The multi-body-site colonization screening results of our study encompass a wide range of bacterial isolates across the 18,993 samples, each categorized by their specific outcome. The most prevalent results included E. coli-ESBL (extended-spectrum beta-lactamase)-producing-negative (3584 cases, 18.9%) and KESC (Klebsiella spp., Enterobacter spp., Serratia spp., and Citrobacter spp.) bacteria group-MDR (multidrug-resistant)-negative (3435 cases, 18.1%). Notably, AB-MDR (Acinetobacter baumanii multidrug-resistant)-negative was reported in 1202 cases (6.3%), while the Proteeae group bacteria-MDR-negative accounted for 1931 cases (10.2%). In contrast, positive results were relatively infrequent, with AB-MDR-positive isolated in 62 cases (0.3%), E. coli-ESBL-positive in 342 cases (1.8%), and KESC bacteria group-MDR-positive in 491 cases (2.6%). Additionally, Enterococcus faecium-VRE (vancomycin-resistant Enterococcus)-positive and nasal swab-screening MRSA-positive were found in 157 (0.8%) and 141 (0.7%) cases, respectively. Among the least isolated strains were E. faecalis-positive and Proteeae group bacteria-MDR-positive, with only four (0.0%) and 33 (0.2%) cases, respectively. Negative screenings for MRSA were notably common across nasal (1850 cases, 9.7%), inguinal (742 cases, 3.9%), and axillary swabs (1124 cases, 5.9%), with positive results being substantially lower in these categories. A summary of the multi-body-site colonization screening results is highlighted in

Table 2. Isolated strain during the study period.

Screening Result
	Frequency (n=)	Percent (%)
AB-MDR-negative	1202	6.3
AB-MDR-positive	62	0.3
E. coli-ESBL-negative	3584	18.9
E. coli-ESBL-positive	342	1.8
E. faecalis-negative	1959	10.3
E. faecalis-positive	4	0
E. faecium-VRE-negative	1806	9.5
E. faecium-VRE-positive	157	0.8
Nasal swab-screening MRSA-negative	1850	9.7
Nasal swab-screening MRSA-positive	141	0.7
Proteeae group bacteria-MDR-negative	1931	10.2
KESC bacteria group-MDR-positive	491	2.6
KESC bacteria group-MDR-negative	3435	18.1
Proteeae group bacteria-MDR-positive	33	0.2
Inguinal swab-screening MRSA-negative	742	3.9
Inguinal swab-screening MRSA-positive	75	0.4
Axillary swab-screening MRSA-negative	1124	5.9
Axillary swab-screening MRSA-positive	55	0.3
Total	18,993	100.0

MDR—multidrug resistant; ESBL—extended-spectrum beta-lactamase; KESC—Klebsiella spp., Enterobacter spp., Serratia spp., and Citrobacter spp.; AB-MDR—Acinetobacter baumanii multidrug resistant; VRE—vancomycin-resistant Enterococcus; MRSA—methicillin-resistant Staphylococcus aureus.

and Appendix A Figure A1.

The crosstabulation of the multi-body-site colonization screening results by trimester of the year provides a comprehensive overview of the distribution of various bacterial strains and antibiotic resistance patterns detected in the samples. A total of 18,993 samples were analyzed, with 7762 samples collected in the first trimester of the year and 11,231 in the second trimester of the year (Figure 2).

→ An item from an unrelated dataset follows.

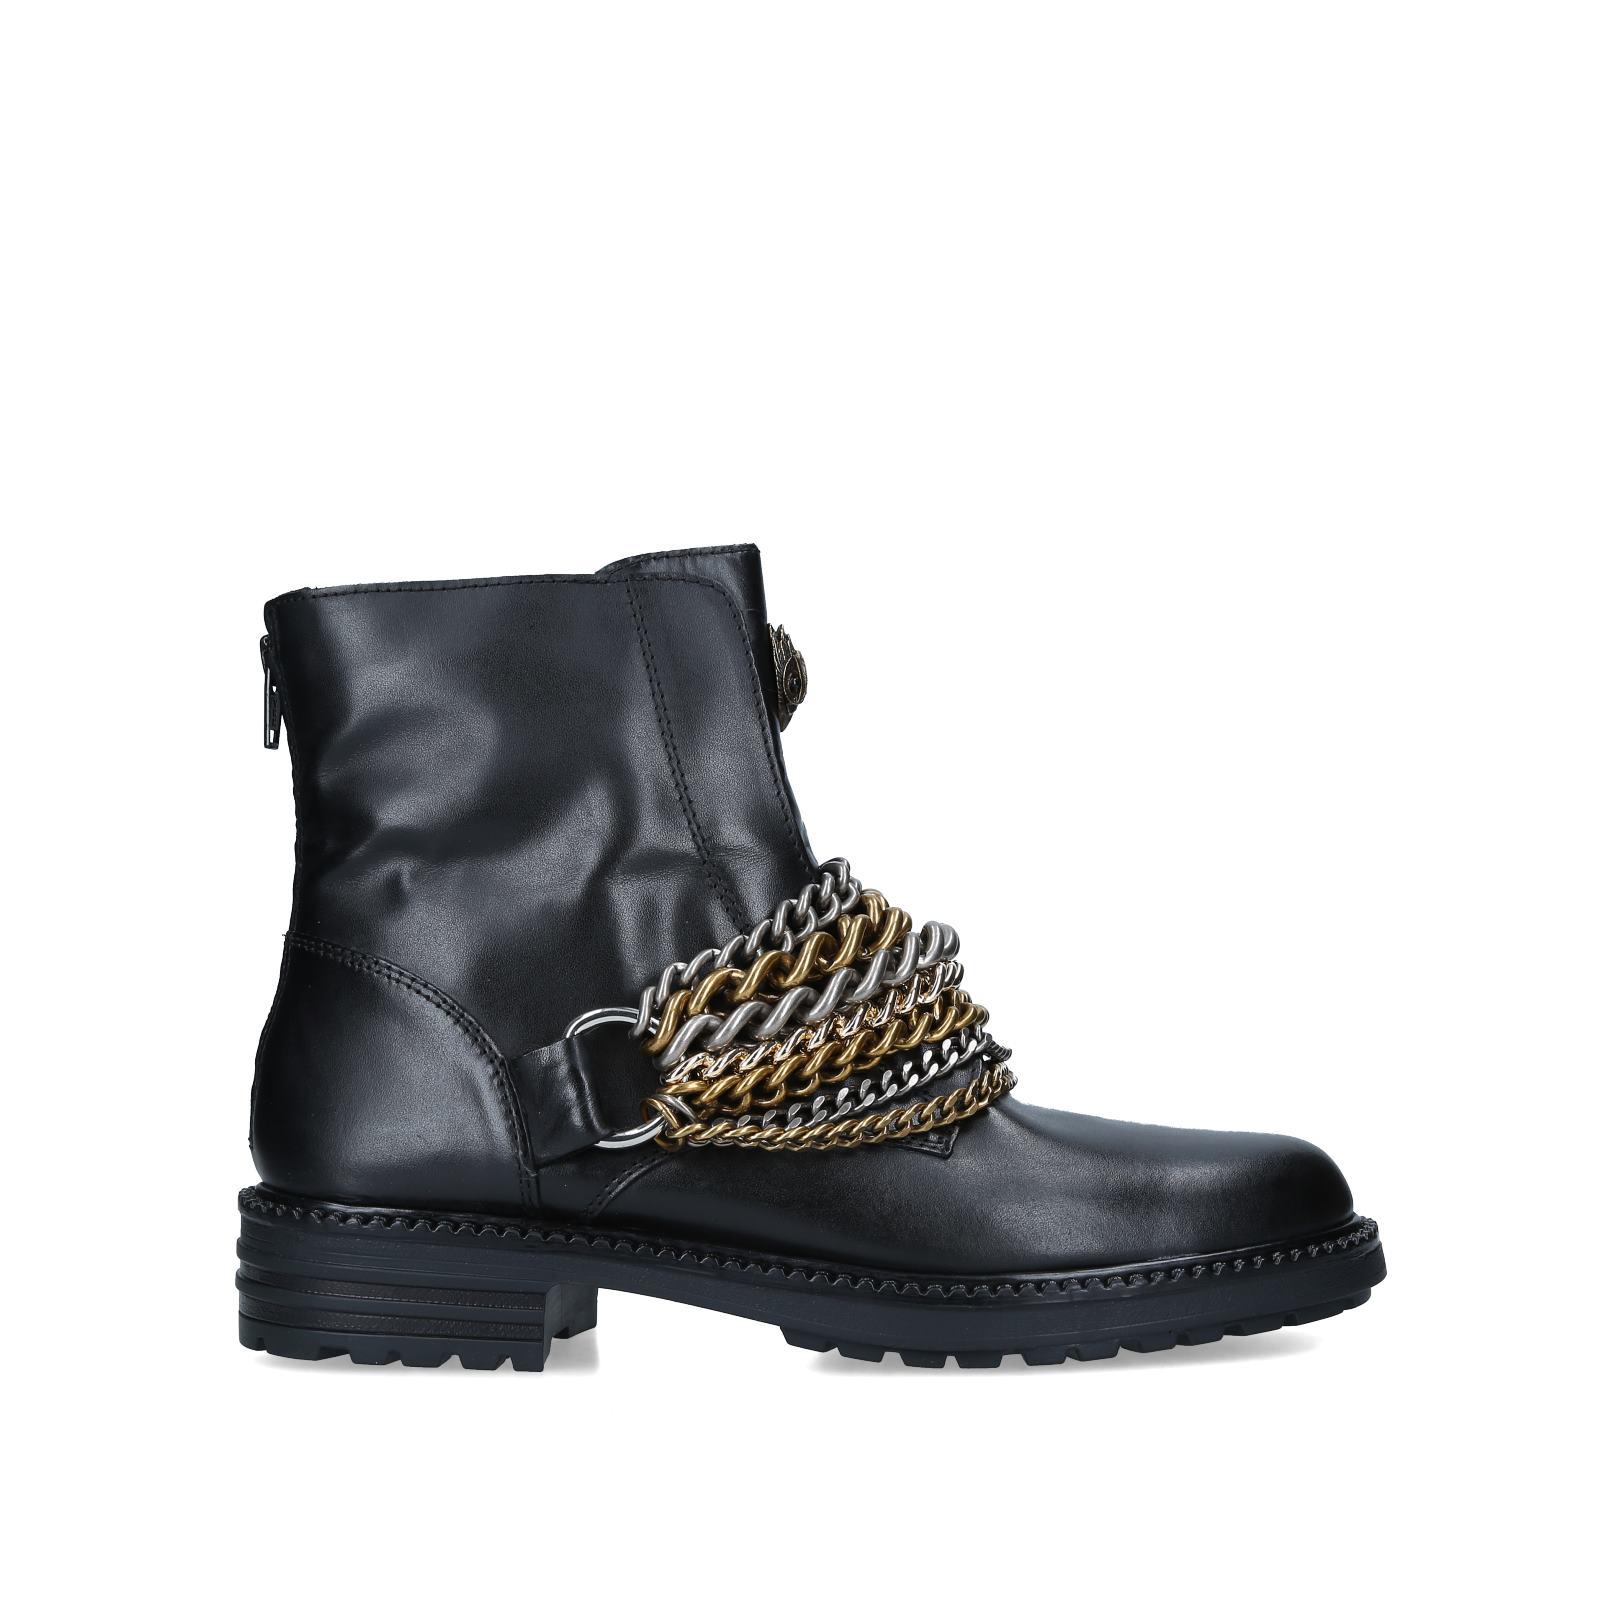 STEFAN Black Chain Detail Eagle Embellished Ankle Boot by KURT GEIGER ...
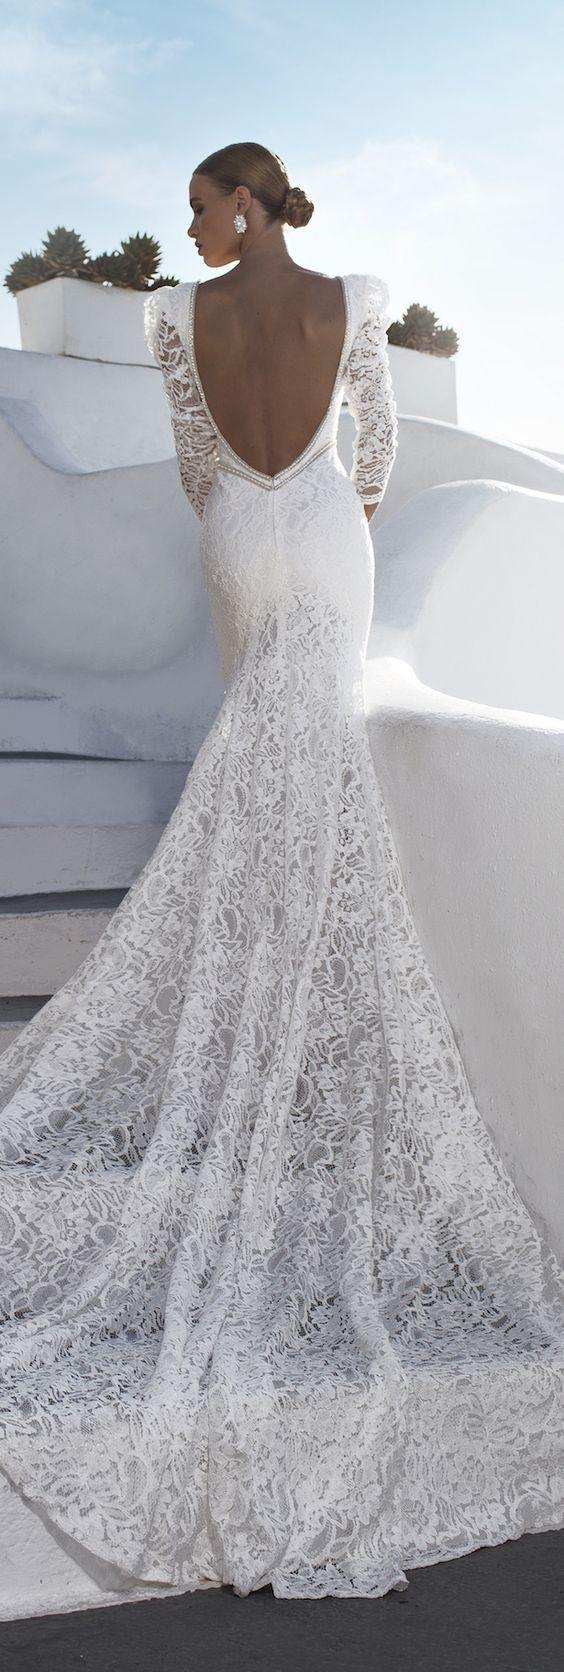 زفاف - 50 Beautiful Lace Wedding Dresses To Die For

Methicillin-resistant Staphylococcus aureus screening results:

A total of 55 positive cases were detected through axillary swabs, with 32 occurring in the first trimester of the year and 23 in the second, while 1124 samples were negative, with 504 in the first trimester of the year and 620 in the second trimester of the year. Inguinal swabs identified 75 positive cases, 46 of which were reported in the first trimester of the year and 29 in the second, while 742 samples tested negative, with 273 from the first trimester of the year and 469 from the second trimester of the year. Nasal swabs revealed 141 positive cases out of 1991 screenings, with 73 positive cases in the first trimester of the year and 68 in the second trimester of the year. The remaining 1850 samples were negative, with 782 from the first trimester of the year and 1068 from the second trimester of the year.

3.2. Other Key Findings

In the KESC bacteria group, the most substantial number of cases were in the MDR-negative category, with 3435 total negative samples—1473 cases from the first trimester of the year and 1962 cases from the second. Additionally, 491 cases were MDR-positive, with 215 cases identified in the first trimester of the year and 276 cases in the second trimester of the year. For the Proteeae group, only 33 positive MDR cases were reported, with an increase from 9 cases in the first trimester of the year to 24 cases in the second trimester of the year. Most samples in this group were MDR-negative, totaling 1931 cases, with 835 cases in the first trimester of the year and 1096 cases in the second. In the Enterococcus faecium—VRE category, there were 157 positive cases, with a higher number in the first trimester of the year (100 cases) compared to the second trimester of the year (57 cases), alongside 1806 negative cases overall. Lastly, for Escherichia coli-ESBL, 3584 samples were ESBL-negative (1511 in the first trimester of the year and 2073 in the second trimester of the year), while 342 samples were ESBL-positive, with 177 cases in the first trimester of the year and 165 cases in the second.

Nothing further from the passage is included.